Зал, видимо, тоже ничего не понял и отреагировал реденькими, осторожными хлопками. А я за лингвистическими рассуждениями о шукаю и шугаю даже забыла, что мне сейчас на сцену. И вдруг слышу:

– А сейчас перед вами выступит лауреат Всесоюзных конкурсов чтецов Вероника Иванова.

– Так я и знала, – только и успела подумать я, когда меня уже вытолкнули на сцену.

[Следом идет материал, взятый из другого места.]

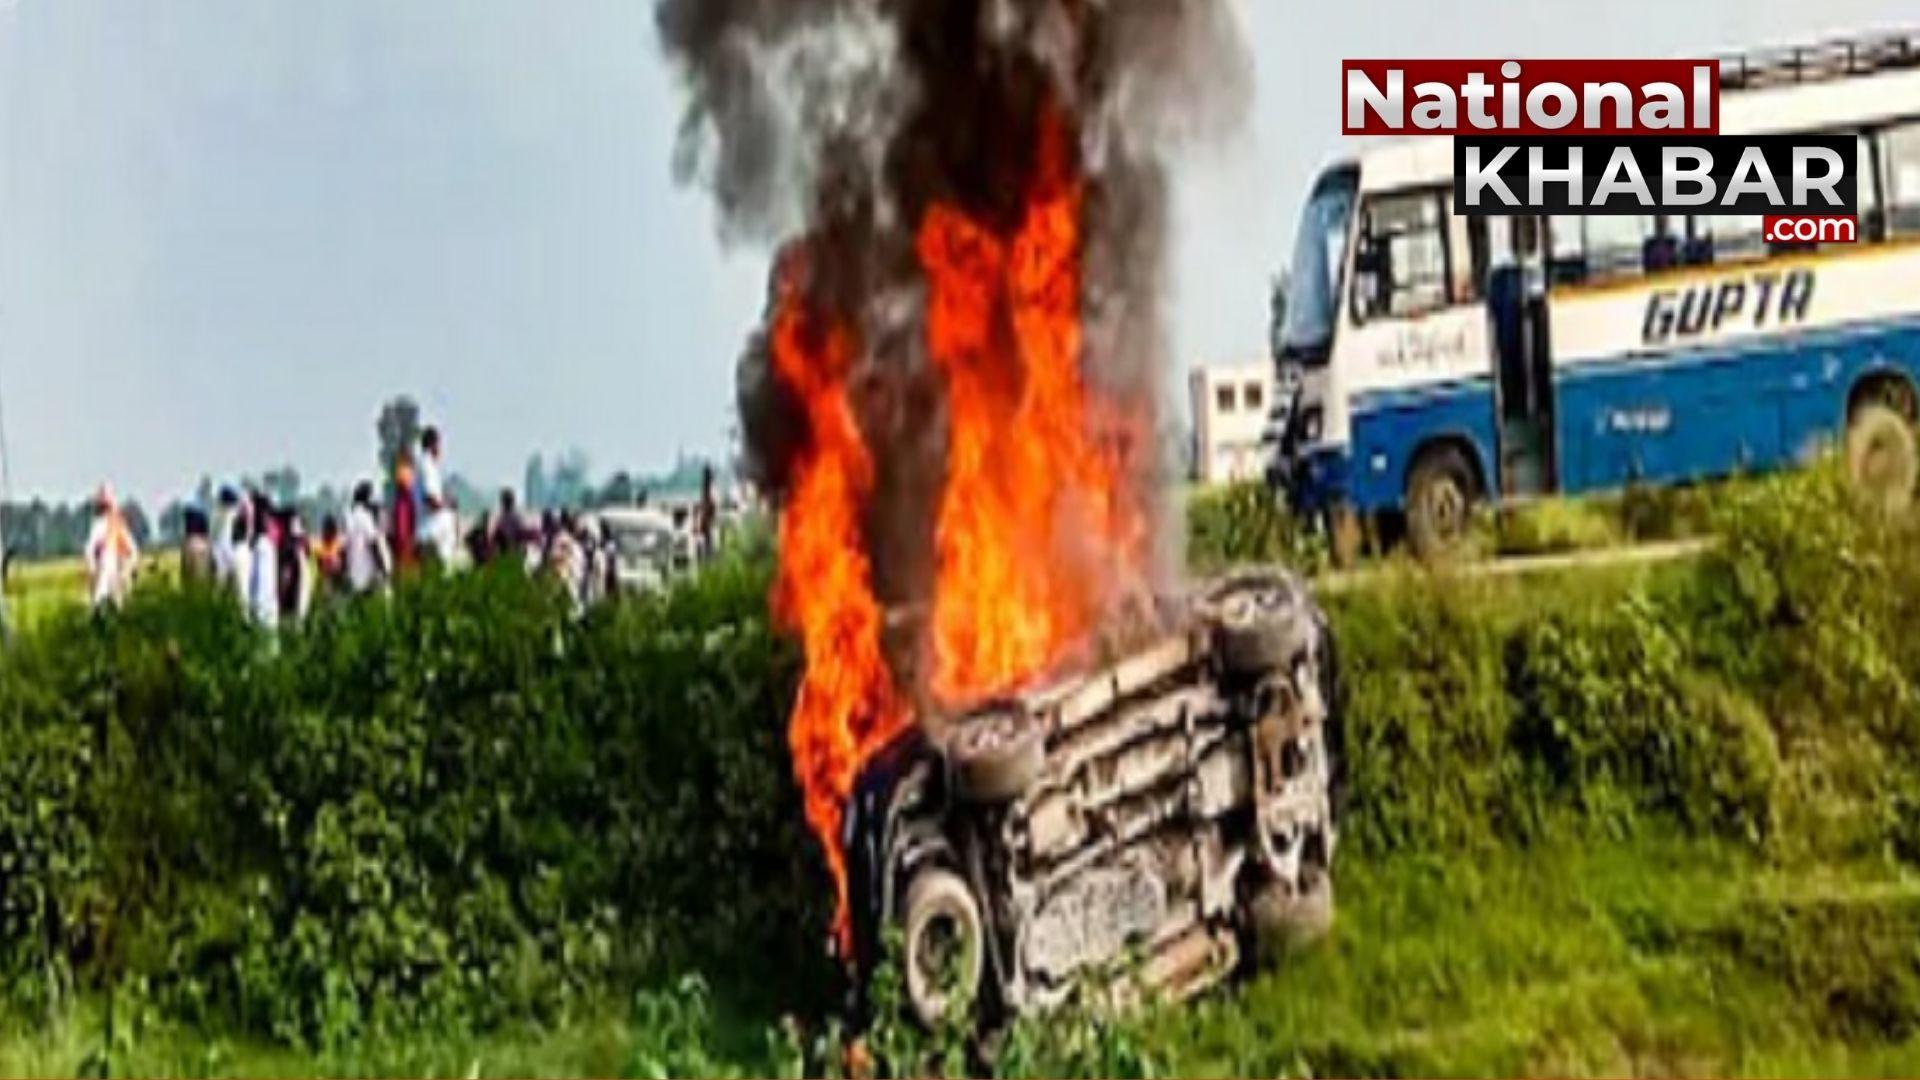 लखीमपुर खीरी हिंसा में पुलिस की लापरवाही, सबूतों सो दो दिनों तक होता रहा खिलवाड़

После анекдота о крокодилах надо было спасать положение настоящим патриотизмом, а заодно хоть как-то оправдать присвоенное мне Левитаном звание лауреата Всесоюзных конкурсов. Я, используя всё своё актёрское мастерство, полученное на практикумах по выразительному чтению в университете, начала читать негромко, чтобы привлечь к себе внимание, а потом, повышая голос, начала вкладывать в него всю свою силу и финал и так пафосного стихотворения проорала со всей мощью, на которую была способна. В зале похлопали.

– Ну и ладно, отстрелялась, – вздохнула я с облегчение, замахнув свою долю мерзкого, но необходимого согревающего.

Потом девчонки пели про БАМ и Надежду, потом Борис пел сам, аккомпанируя на гитаре. Но самые бурные аплодисменты выпали на долю нашего Пирогова – Есенина.

Он вышел на сцену шатаясь. Видимо, для сугреву захватил с собой собственное «лекарство». Голова его, как всегда, была нечесаной и лохматой. В универе мы кое-как объяснили ему, что наш концерт патриотический, и ему надо среди своих стихов найти что-нибудь о природе родного края, о берёзках и лесочках. Но поскольку на сцену Венька вышел под очень хорошим воздействием согревающего, он, кажется, позабыл обо всём на свете и завёл своё любимое:

Я одного с Есениным рода,

Погулять и выпить не прочь,

Я плоть своего народа,

Мне плевать, что пью день и ночь…

Уже первые строчки его дребедени, к нашему всеобщему изумлению, вызвали такой восторг публики, что она разразилась аплодисментами, содрогающими стены сарая. Венька ещё довольно долго бегал по сцене от края до края, размахивая руками, и выкрикивал пьяным голосом свои вирши, и в конце концов, кажется, надоел «своему народу», внимание которого его так вдохновило. Пришлось Левитану чуть не за шиворот, как бы обнимая, выволакивать его в нашу комнатушку, где окрылённый успехом Пирогов еще долго приставал ко всем с предложением ещё что-нибудь почитать, пока не уснул в обнимку с печкой.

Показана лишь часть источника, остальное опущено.